Tuesday, June 20, 2017

Fake perfectionism

It's a fairly known fact that reading too much of webMD could lead to cancer. But yesterday it gave me something called OCPD - Obsessive-Compulsive Personality Disorder. I was totally convinced it was OCPD until my flatmate came up with a different theory - that I was a perfectionist.

Of course I was a perfectionist! How did I not know that?

  • I always make it a point to cut a hexagonal cake into perfect equilateral triangular pieces of 6 or 24
  • I keep formatting my code for proper indentation and could never work with Netbeans or Eclipse because they "look" imperfect
  • I always type words like jQuery and ZopNow with correct capitalisations
  • I feel uncomfortable when confronted with situations where objects are misaligned. To understand this, go to Tea Trails in Koramangala and have a look at the wall frames
  • I get pissed off when someone re-adjusts my "perfect" office chair height. (In case you are that person and reading this, I don't know who you are and I don't know what you want. But if you touch that chair again, I'll look for you. I'll find you, and I will ...)
  • I wrote posts in 2010 and 2014 just so that the links in sidebar look complete. As a matter of fact I wrote that 2010 post in the second week of 2011 and later changed the date to 31st December, 11:59 PM!
  • When I read Ramayan, I wondered how Ravan's heads were arranged and cringed when I saw Ravan with asymmetric 10 heads in a telugu movie. (I respect Ramanand Sagar for not doing that in his serial)
  • And the fact that I bought IAWriter to write all this

Yay! That makes me a perfectionist.

Wait.

  • I can never choose a "perfect" pant-shirt combination or shoes. I just wear whatever is easily found
  • My room is a mess. That's second law of thermodynamics you might say. Well, I have some more points
  • I'm chronically late to office
  • I never topped in Engineering. Heck, I didn't even finish it
  • Most of the tasks in my todo list are incomplete and all my Post-it notes have become postpone-its
  • There are no more blog posts after 2014 and writing this might make the sidebar look inconsistent but screw it, I don't want to care anymore.

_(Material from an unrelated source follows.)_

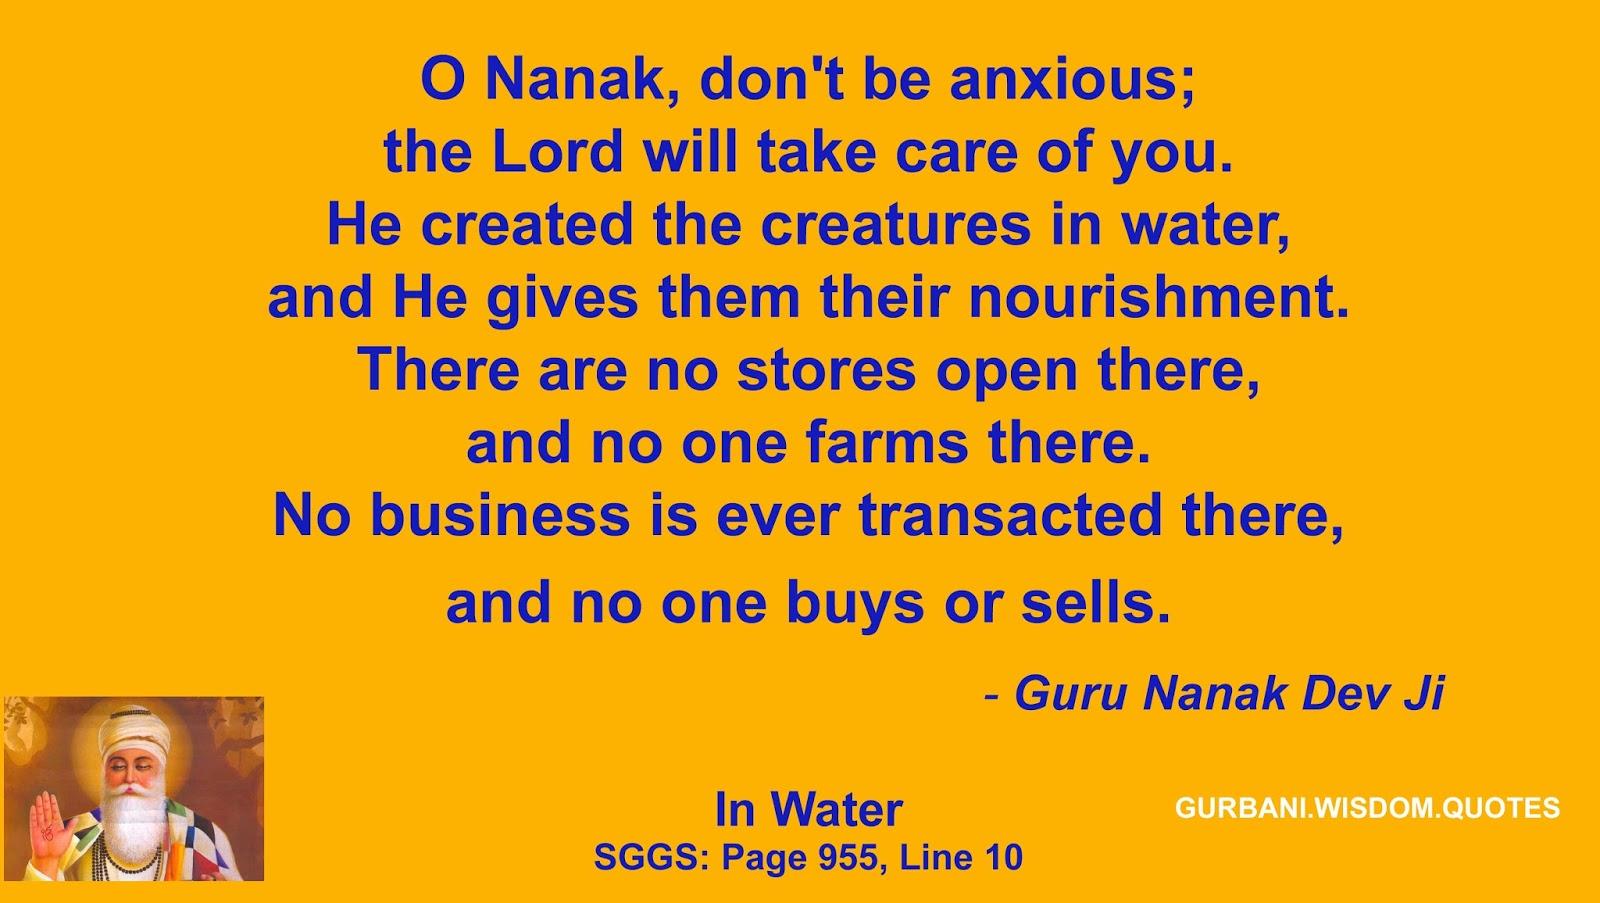 2017 05 guru nanak dev ji quotes - Quote 214 284 Guru Nanak Dev Ji Creatures In Water

That makes me a fake perfectionist, you know? Like those non-vegetarians who eat only veg on Tuesdays. Or may be I'm just fooling people into thinking that I'm a perfectionist. BTW, an article on mentalfloss talks about something that sounds very similar.

Hold on! I have Imposter Syndrome now? I think I should just stop reading articles on the web and talk to my flatmate instead.